**Problem:** The answer must be the full listing, word for word, with no pictures in it.

**Information supplied:**
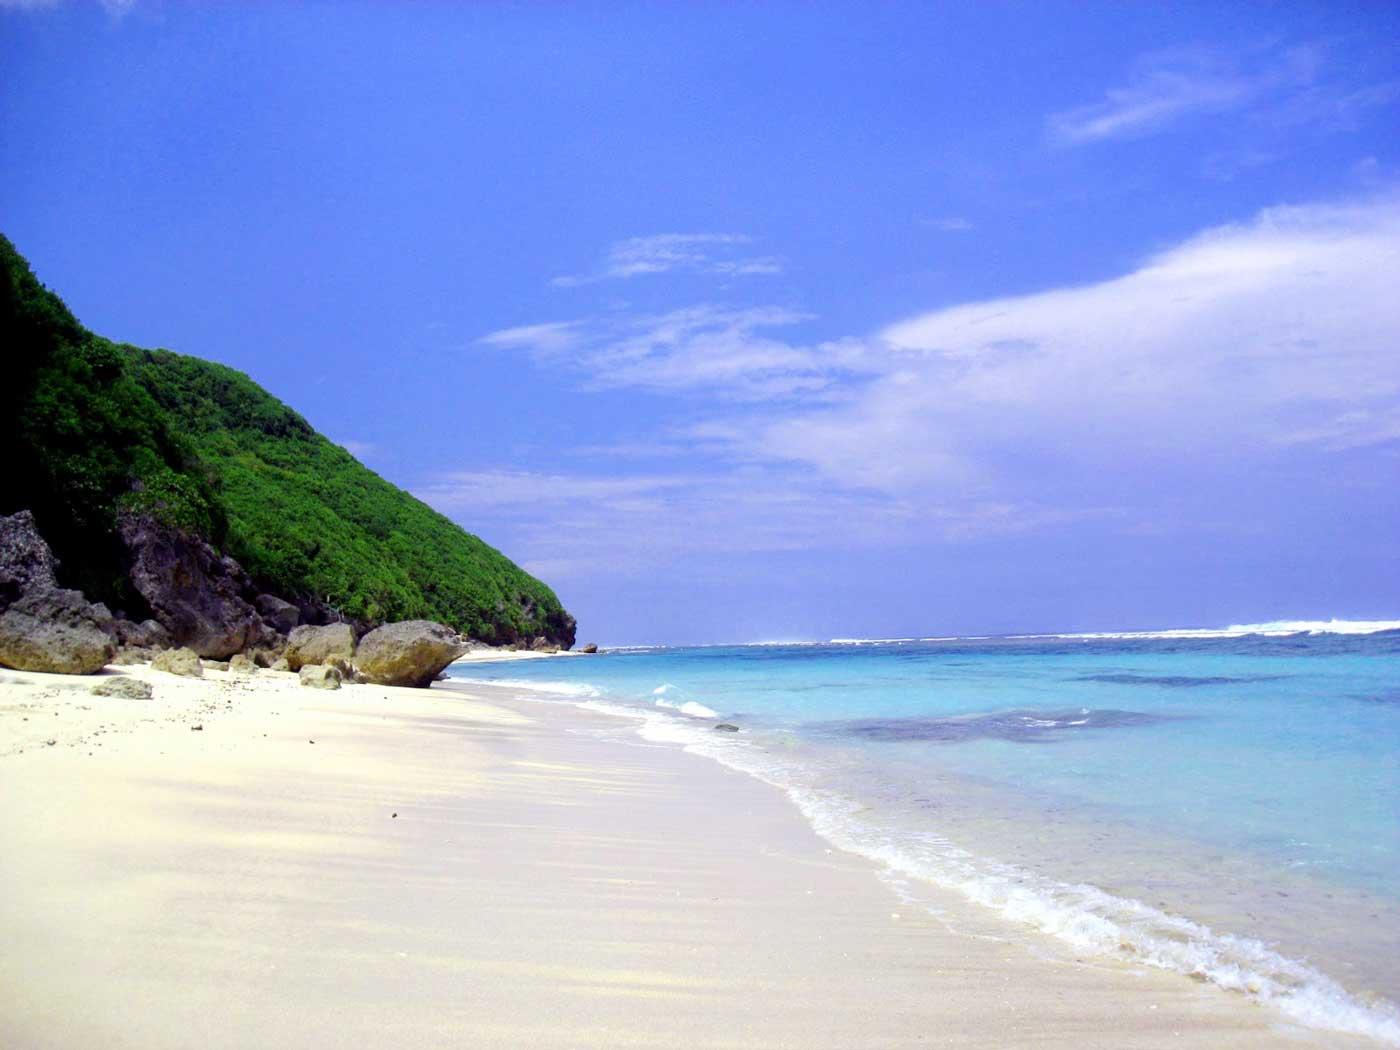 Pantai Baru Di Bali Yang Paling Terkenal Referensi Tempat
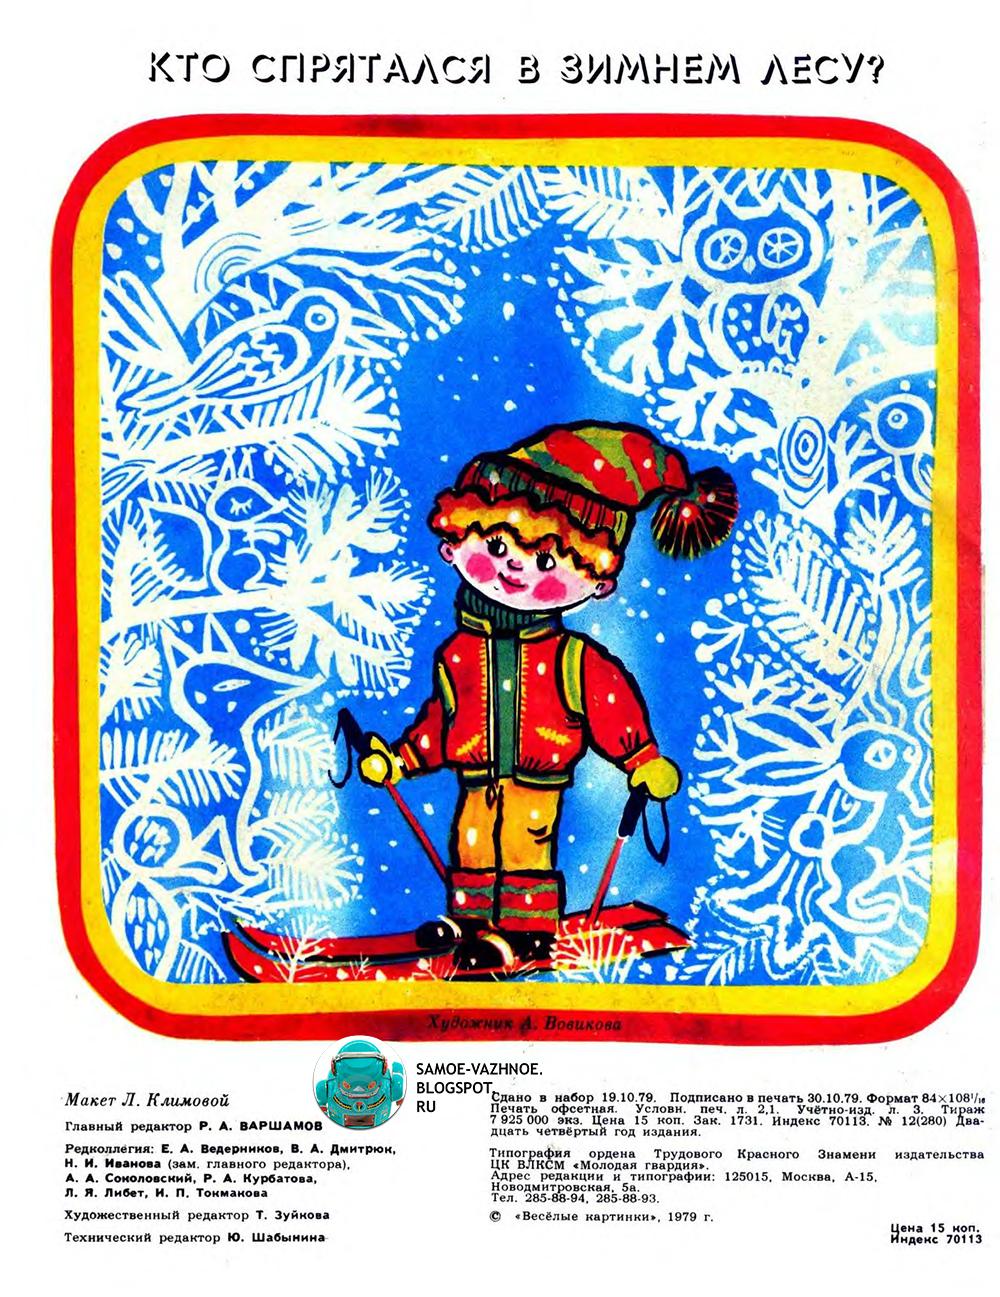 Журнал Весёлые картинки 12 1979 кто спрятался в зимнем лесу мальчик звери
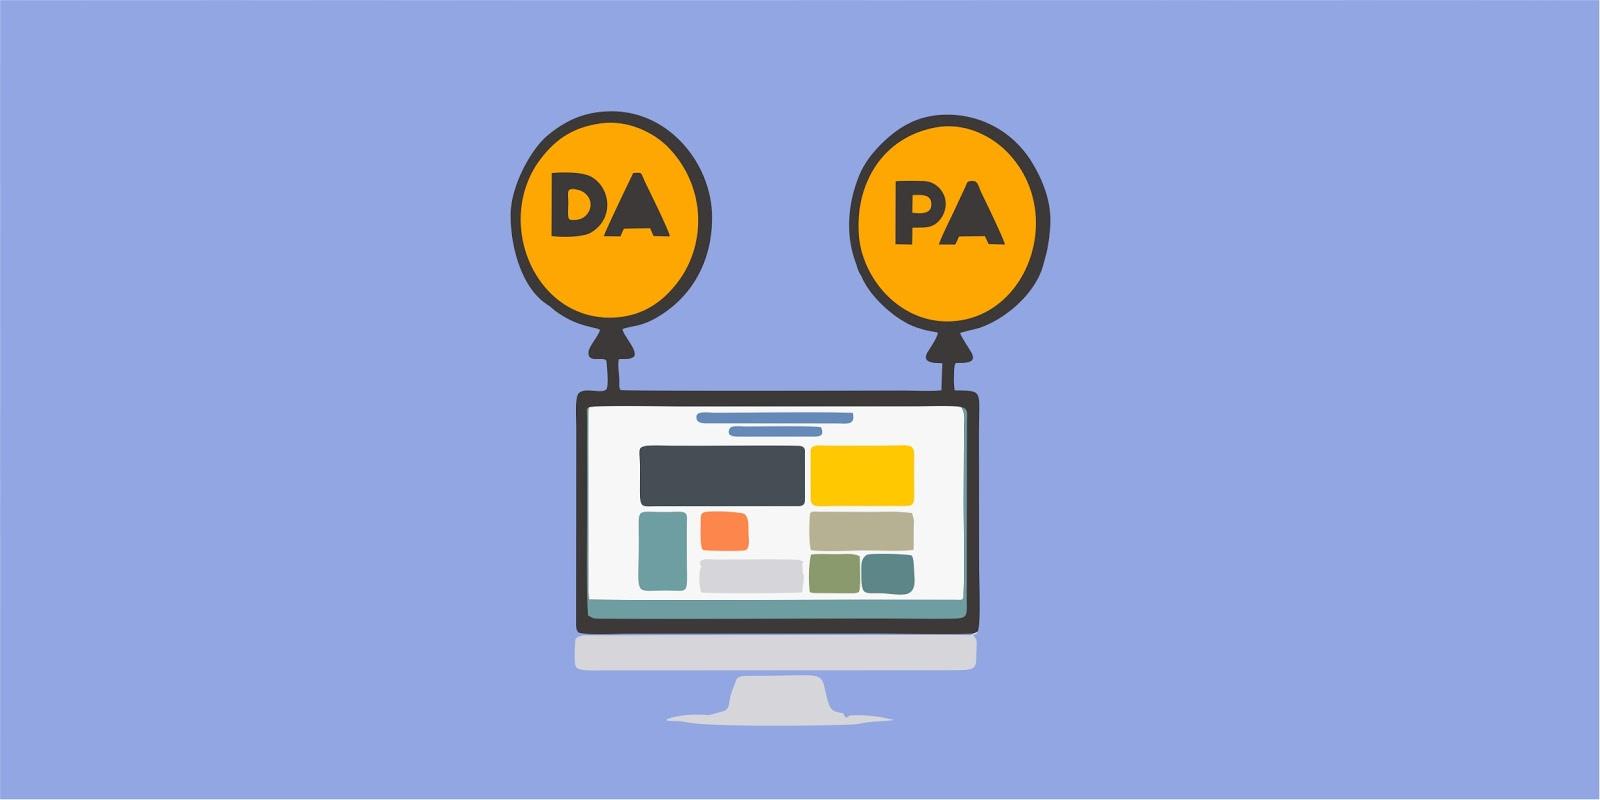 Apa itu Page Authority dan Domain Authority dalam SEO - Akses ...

**Result for this exercise:**
 Pantai Baru Di Bali Yang Paling Terkenal Referensi Tempat
 Журнал Весёлые картинки 12 1979 кто спрятался в зимнем лесу мальчик звери
 Apa itu Page Authority dan Domain Authority dalam SEO - Akses ...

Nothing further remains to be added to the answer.